Source data ::
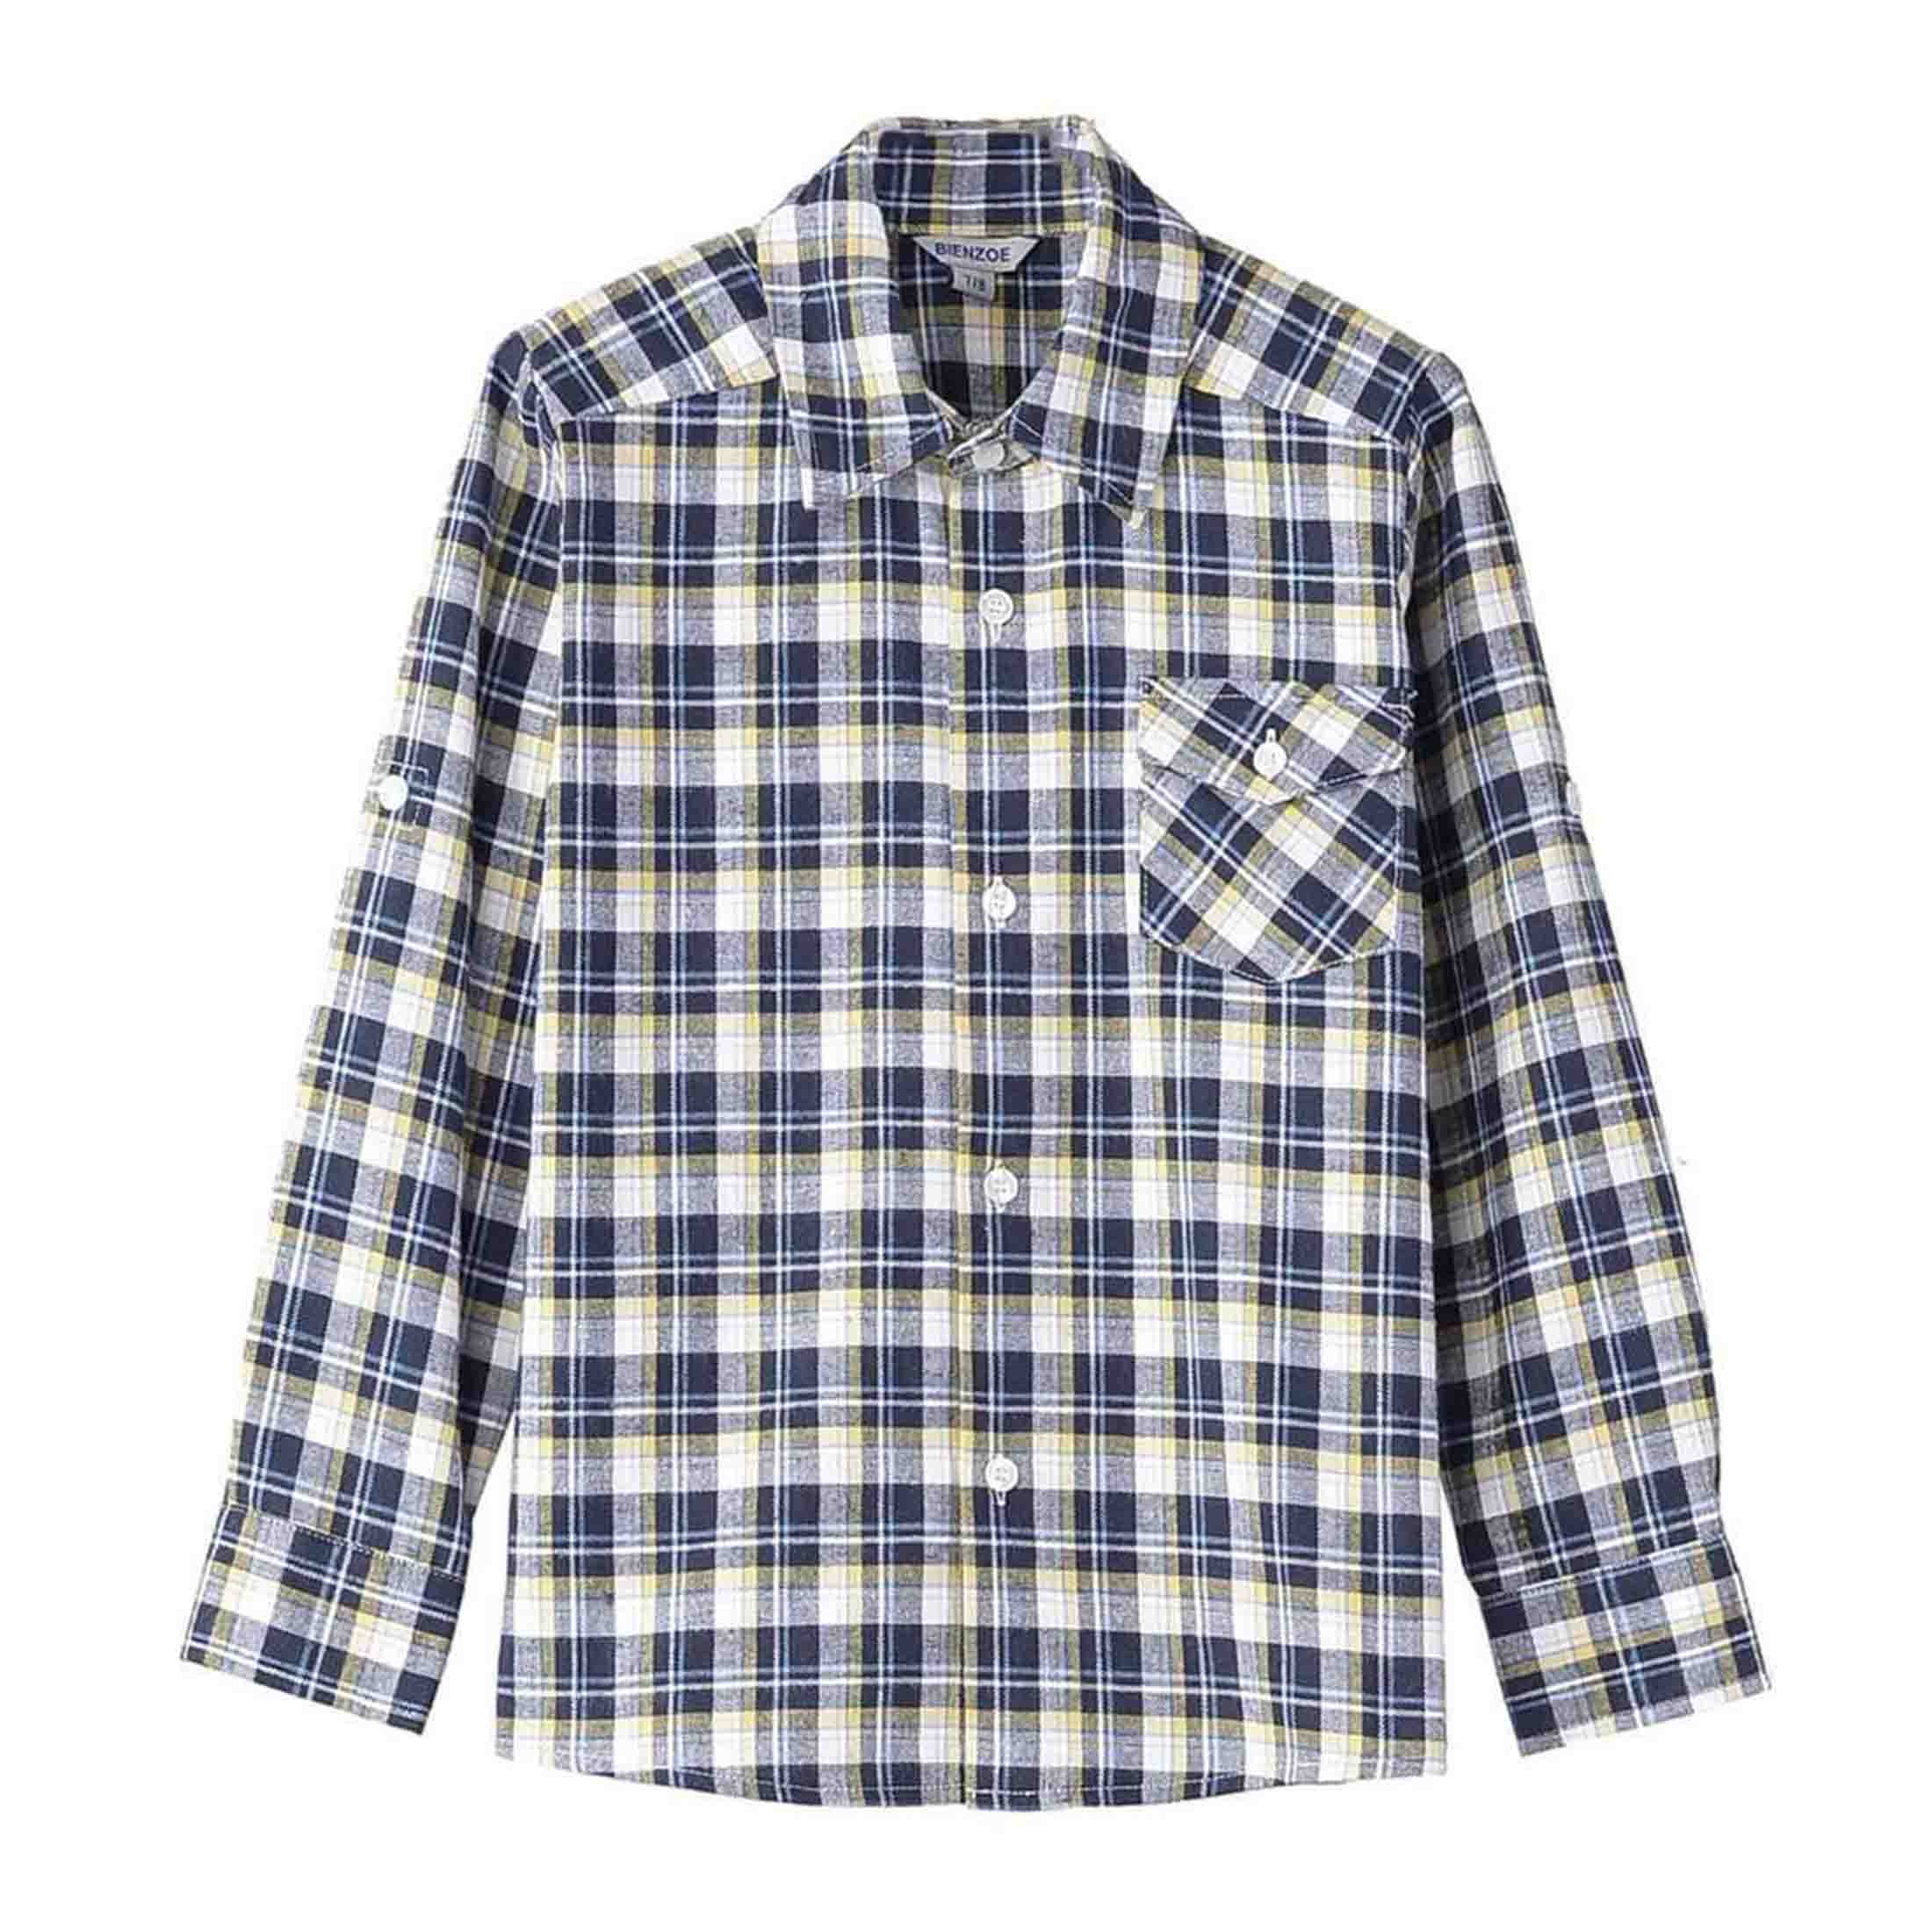 Bienzoe Boys Flannel Button Down Long Sleeve Plaid Shirt
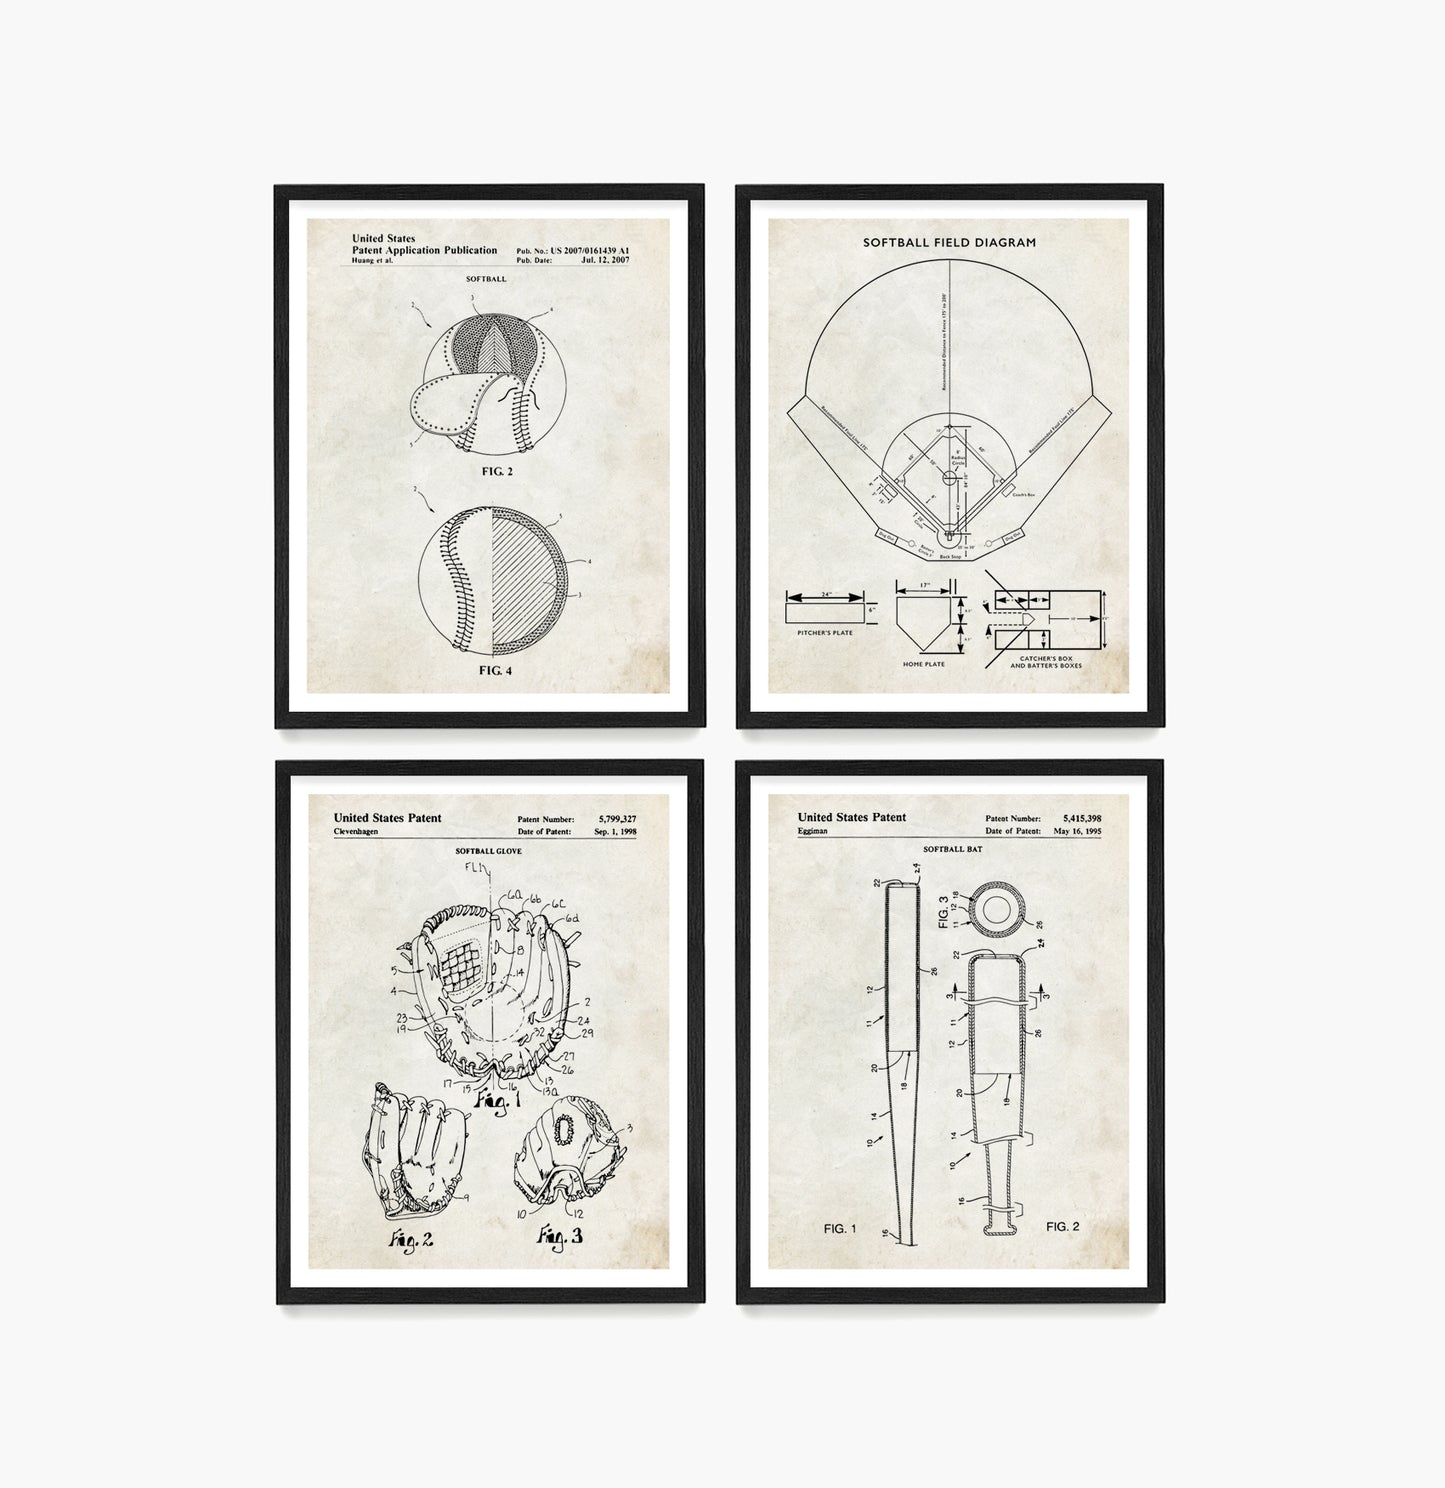 Softball Patent Poster, Softball Wall Art
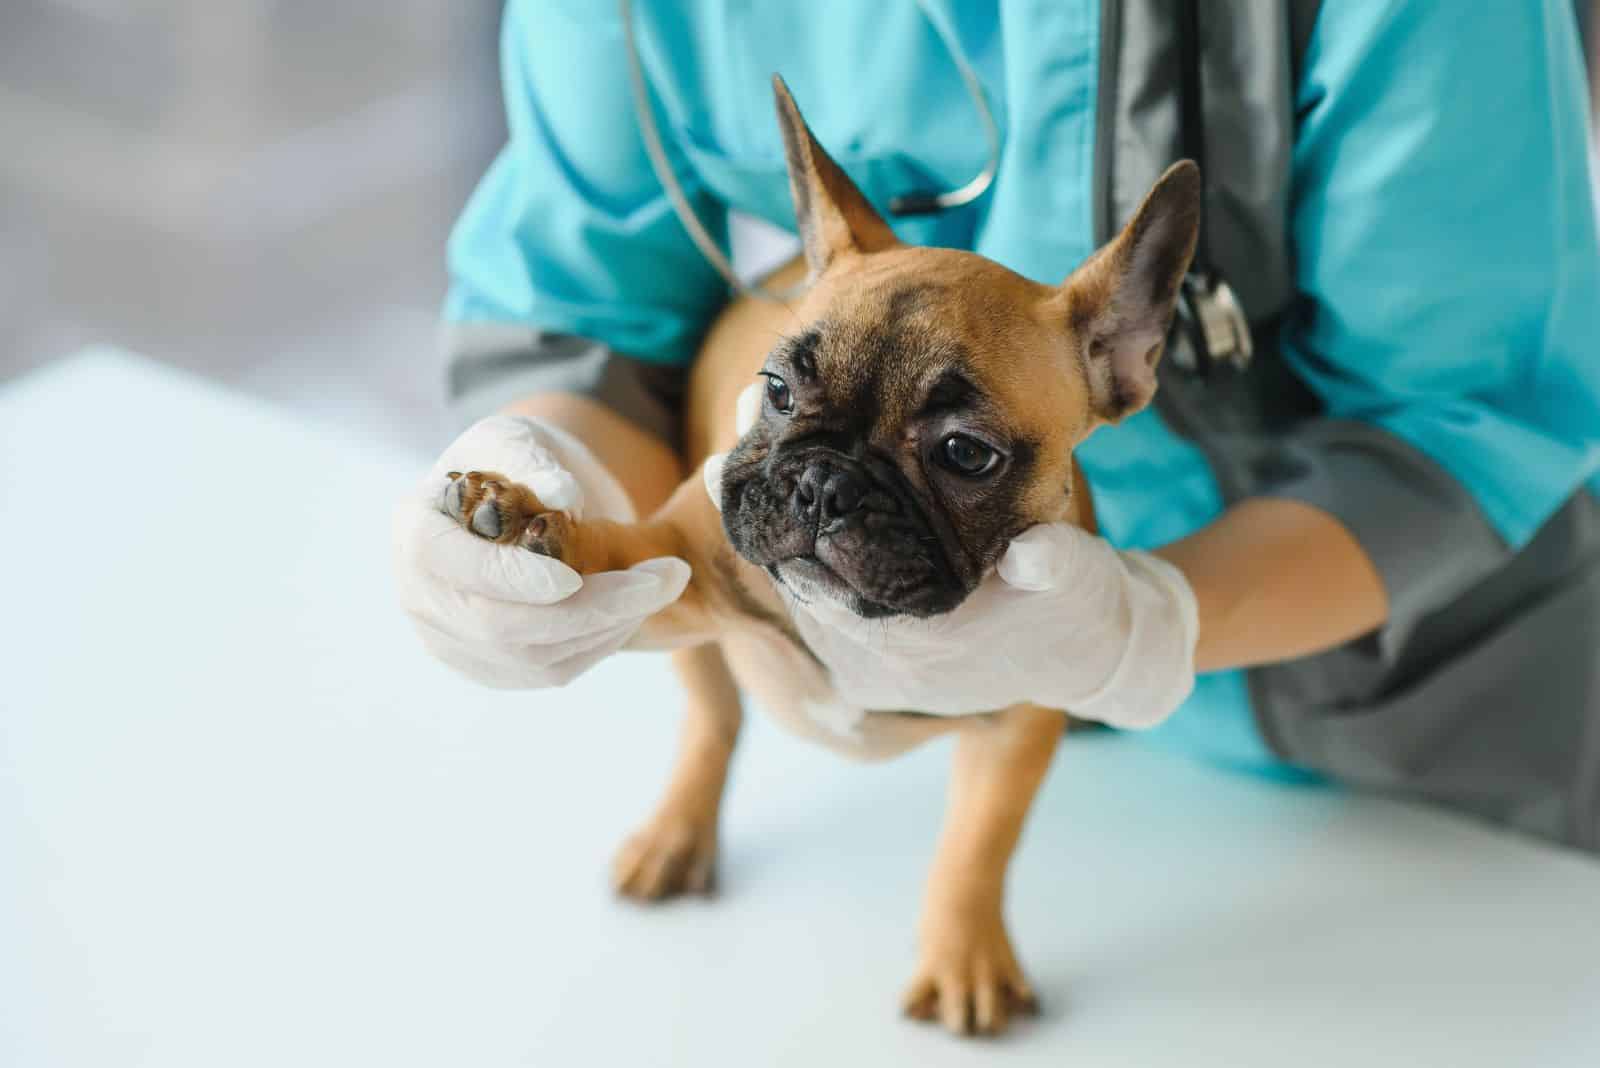 the vet examines the dog's leg

Instructions for the task ::
Reproduce exactly the lines above from the one with "Softball Patent Poster, Softball Wall Art" through the last line of the data, keeping both ends and dropping the pictures.

Result for this task ::
 Softball Patent Poster, Softball Wall Art
 the vet examines the dog's leg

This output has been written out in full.